Your answer should be an exact copy of the lines from the one holding "Digital courier platforms" to the end of the material below, pictures left out.

### [Data excerpt]
-----
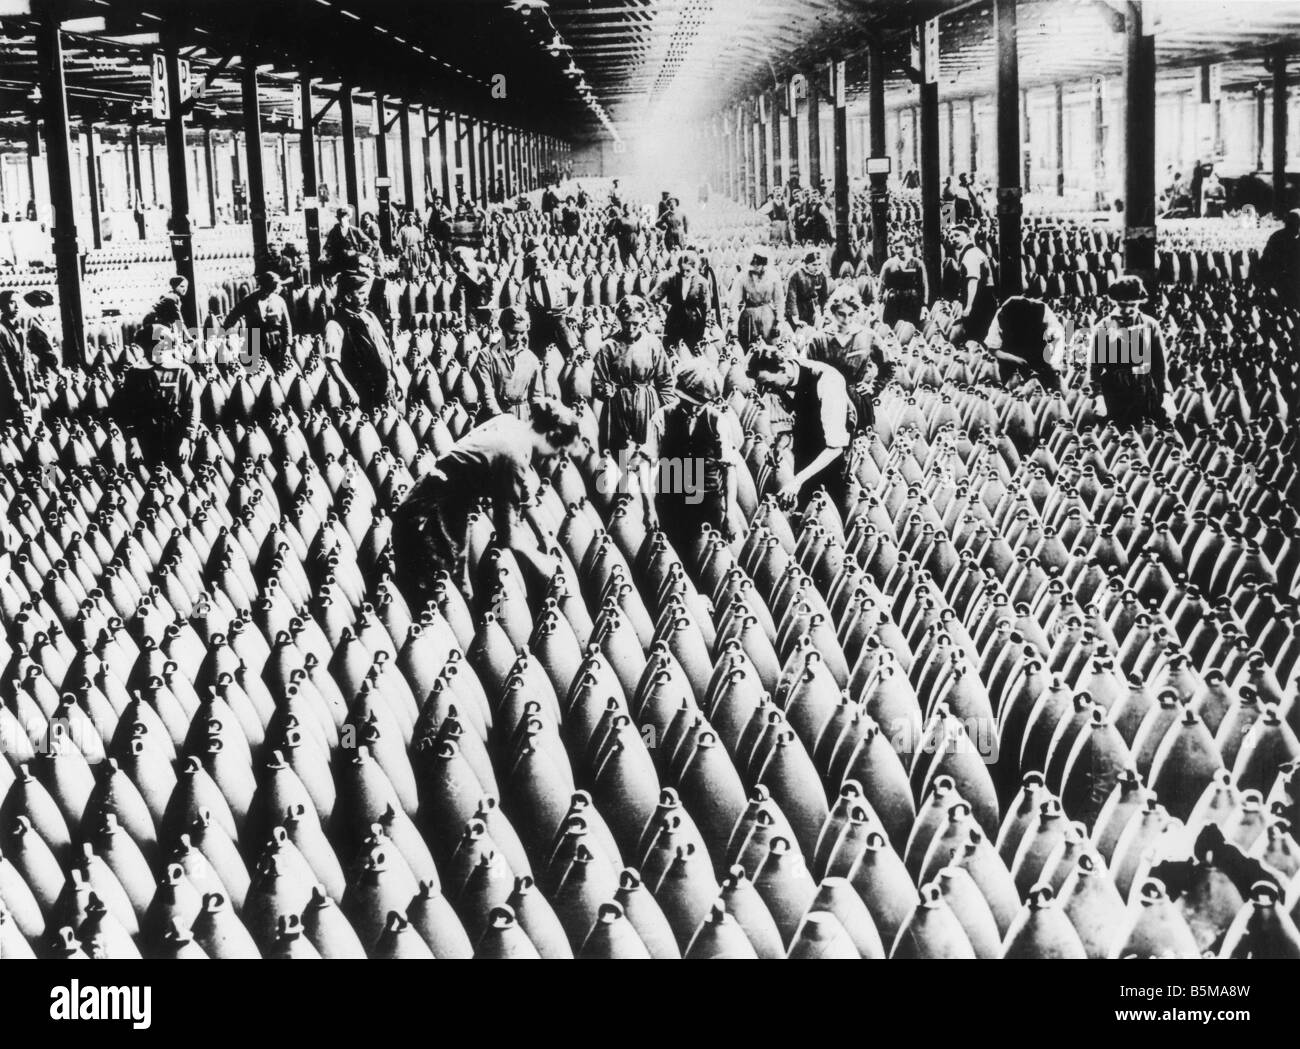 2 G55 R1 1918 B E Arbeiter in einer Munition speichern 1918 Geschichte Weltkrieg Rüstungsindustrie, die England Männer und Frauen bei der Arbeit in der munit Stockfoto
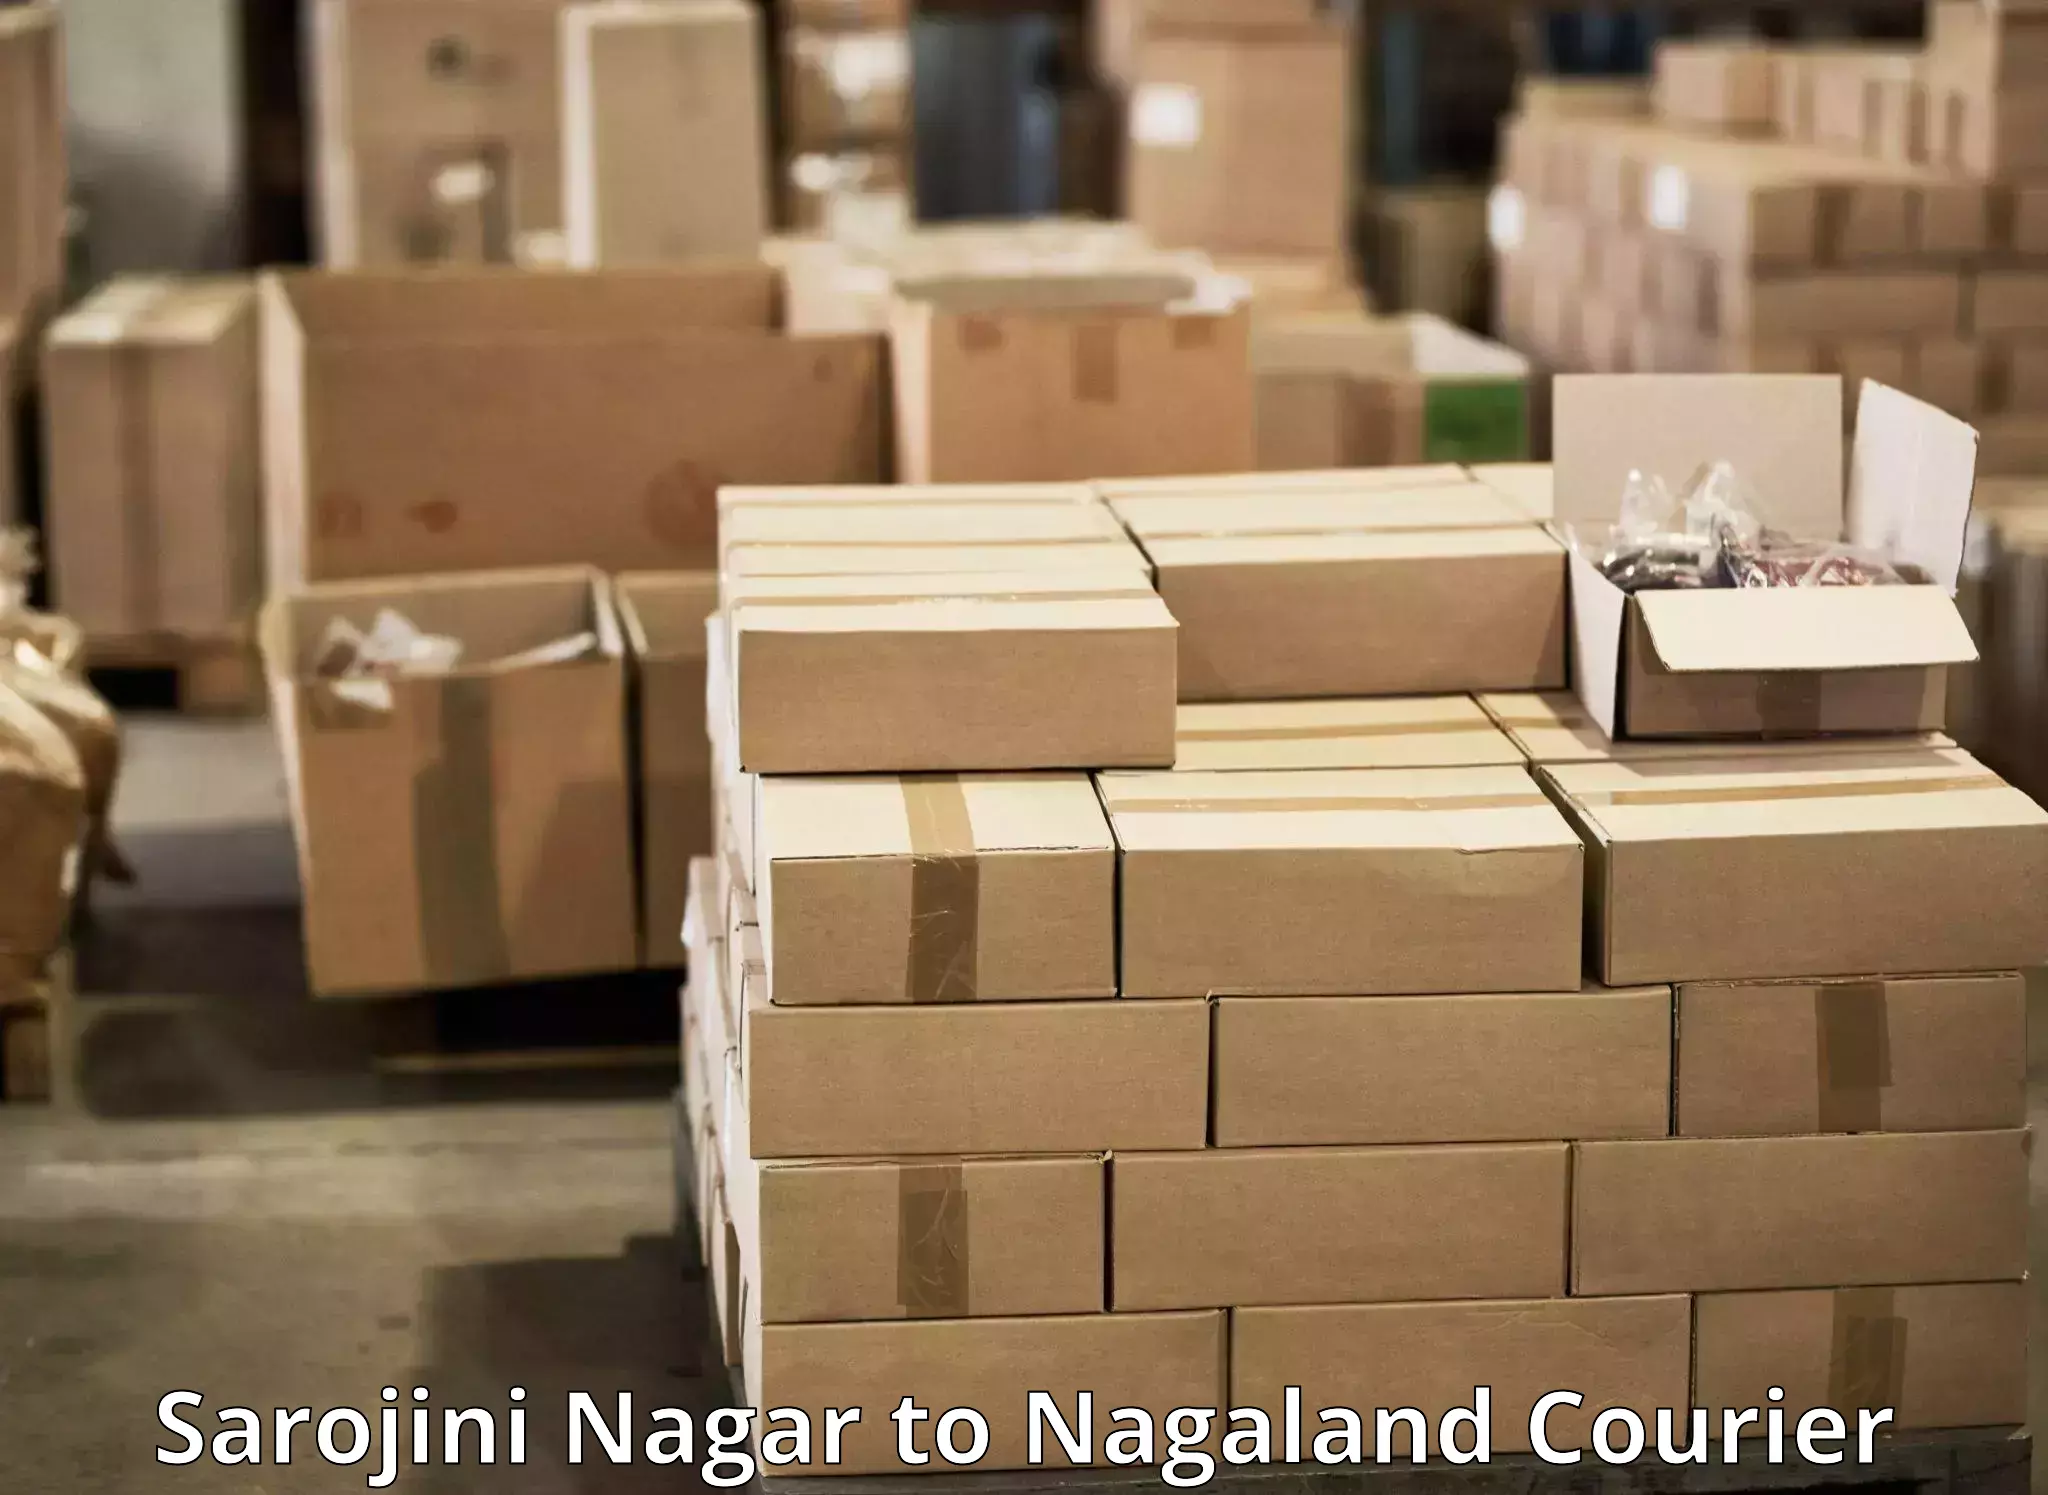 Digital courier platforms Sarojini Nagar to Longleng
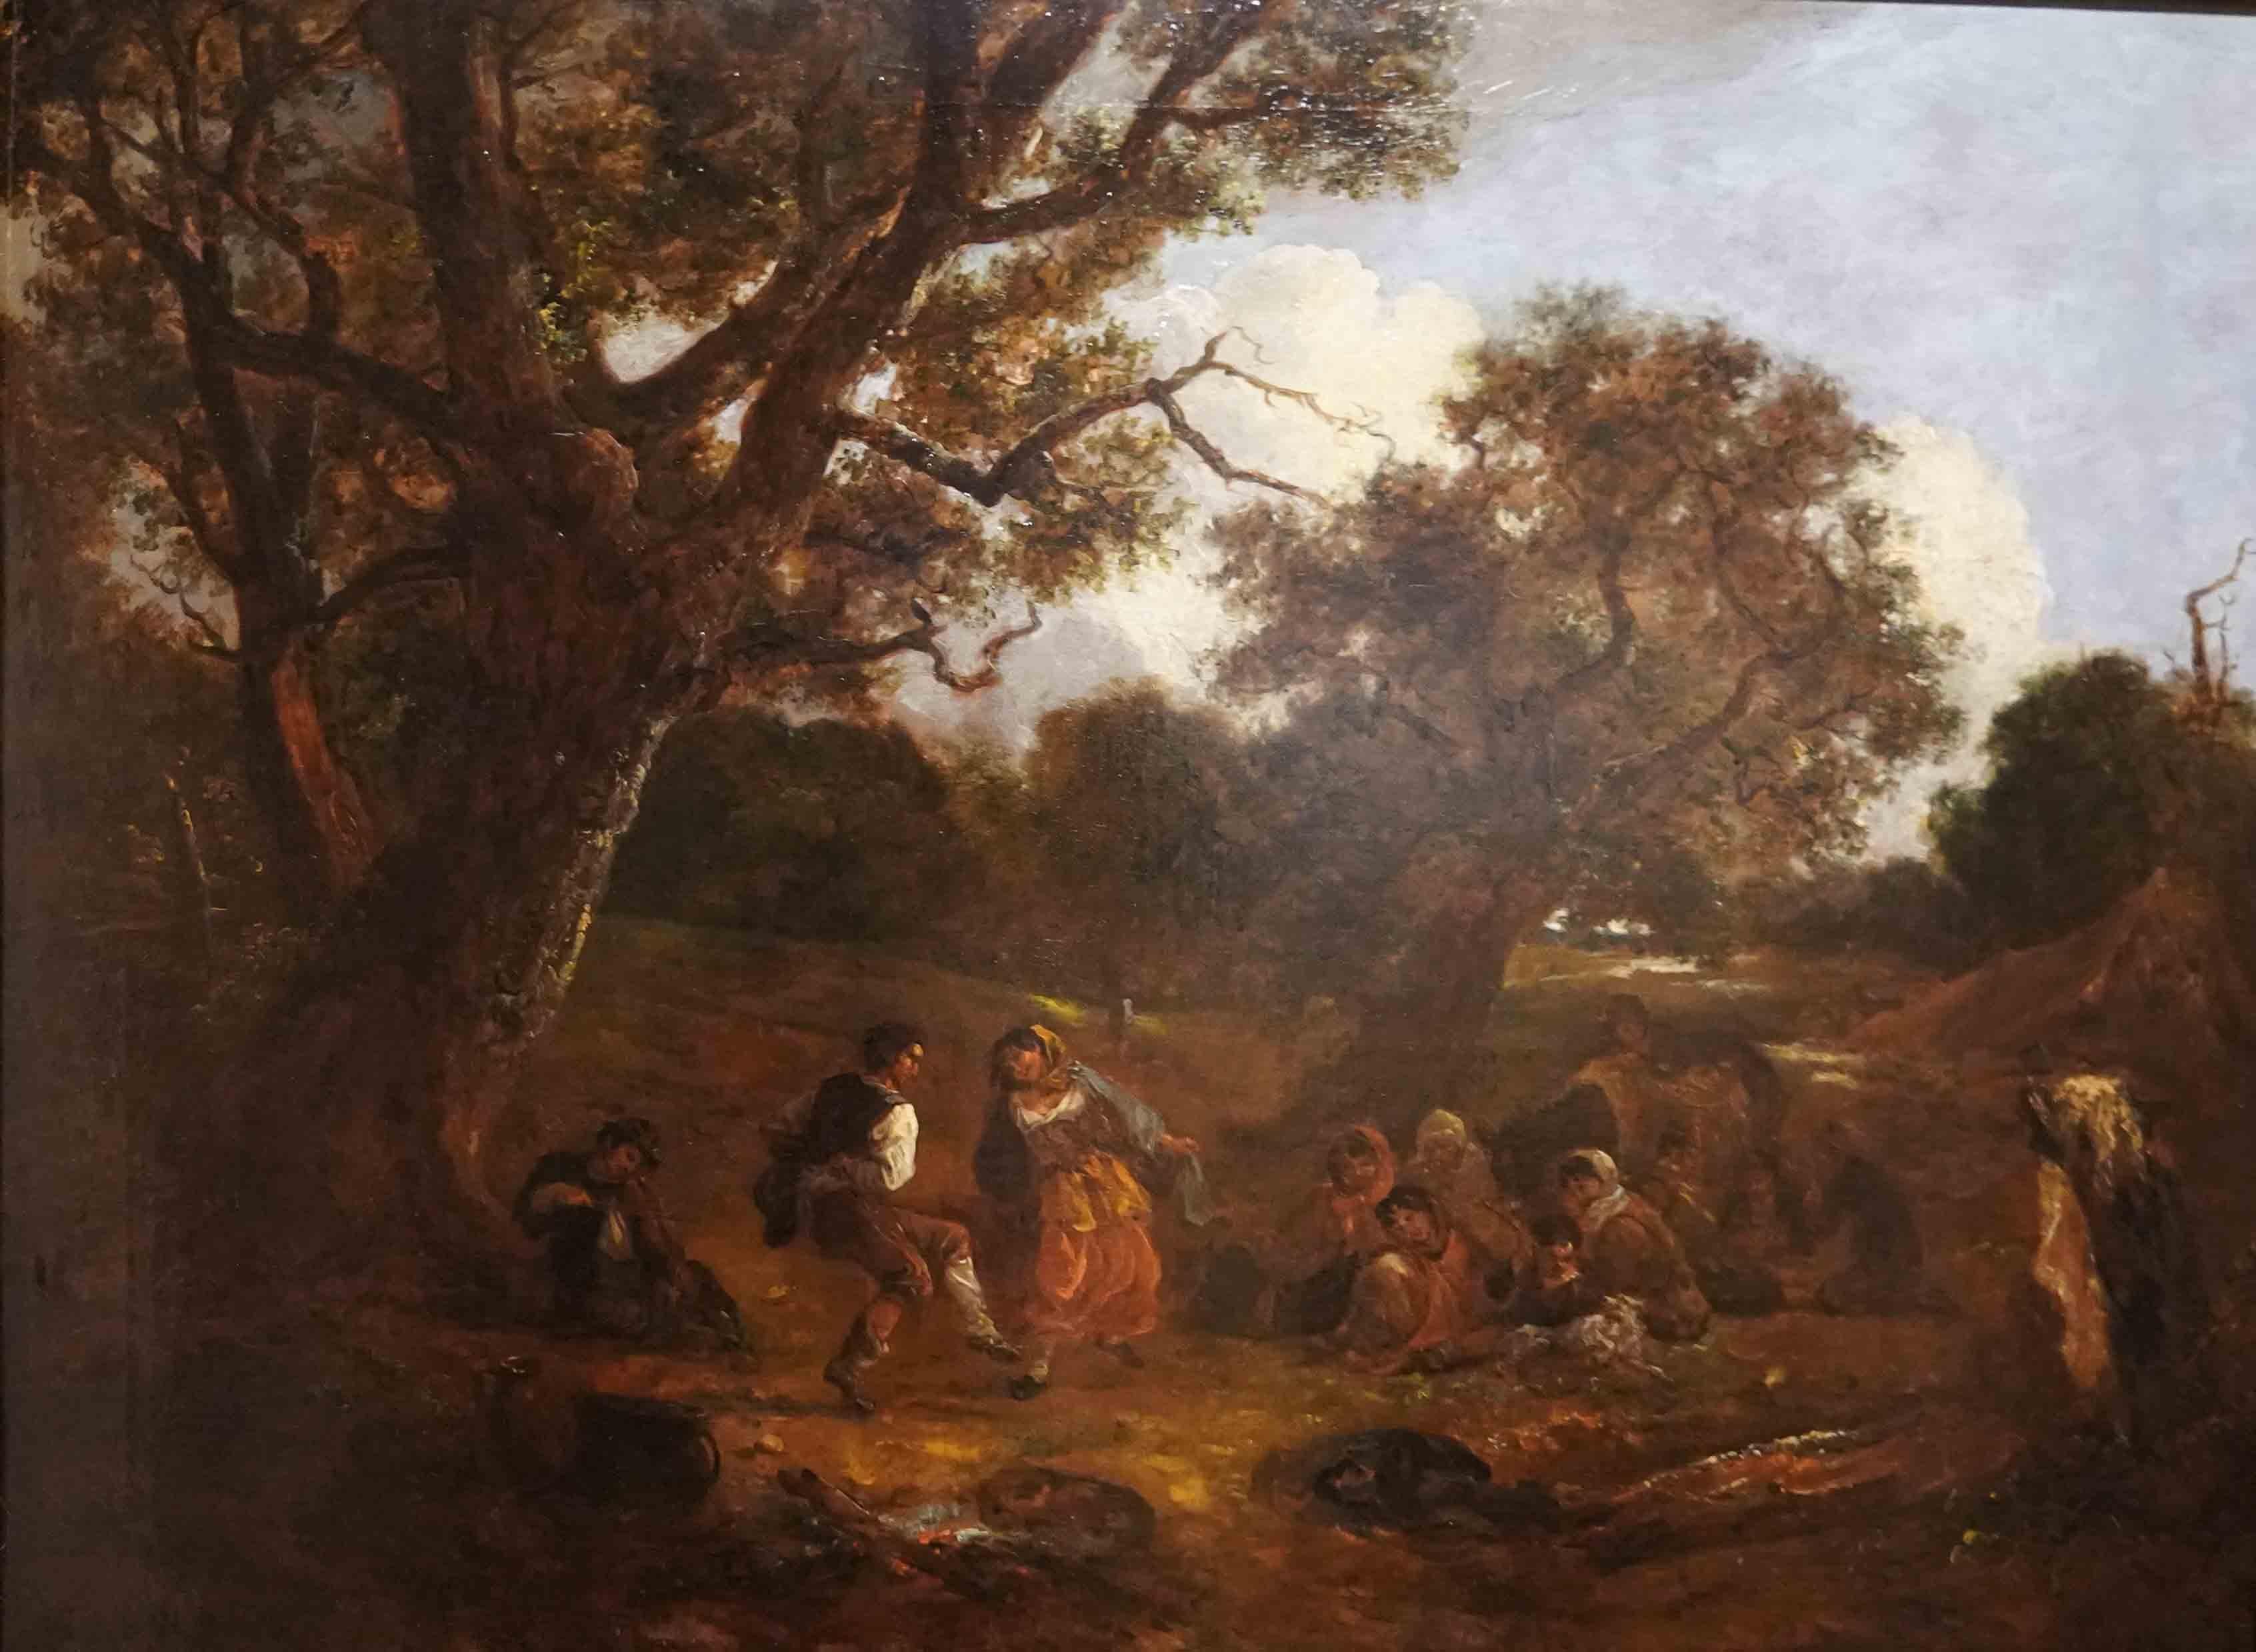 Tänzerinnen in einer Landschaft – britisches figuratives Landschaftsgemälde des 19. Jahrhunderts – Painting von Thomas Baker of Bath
-----
### [Task output]
 Digital courier platforms Sarojini Nagar to Longleng
 Tänzerinnen in einer Landschaft – britisches figuratives Landschaftsgemälde des 19. Jahrhunderts – Painting von Thomas Baker of Bath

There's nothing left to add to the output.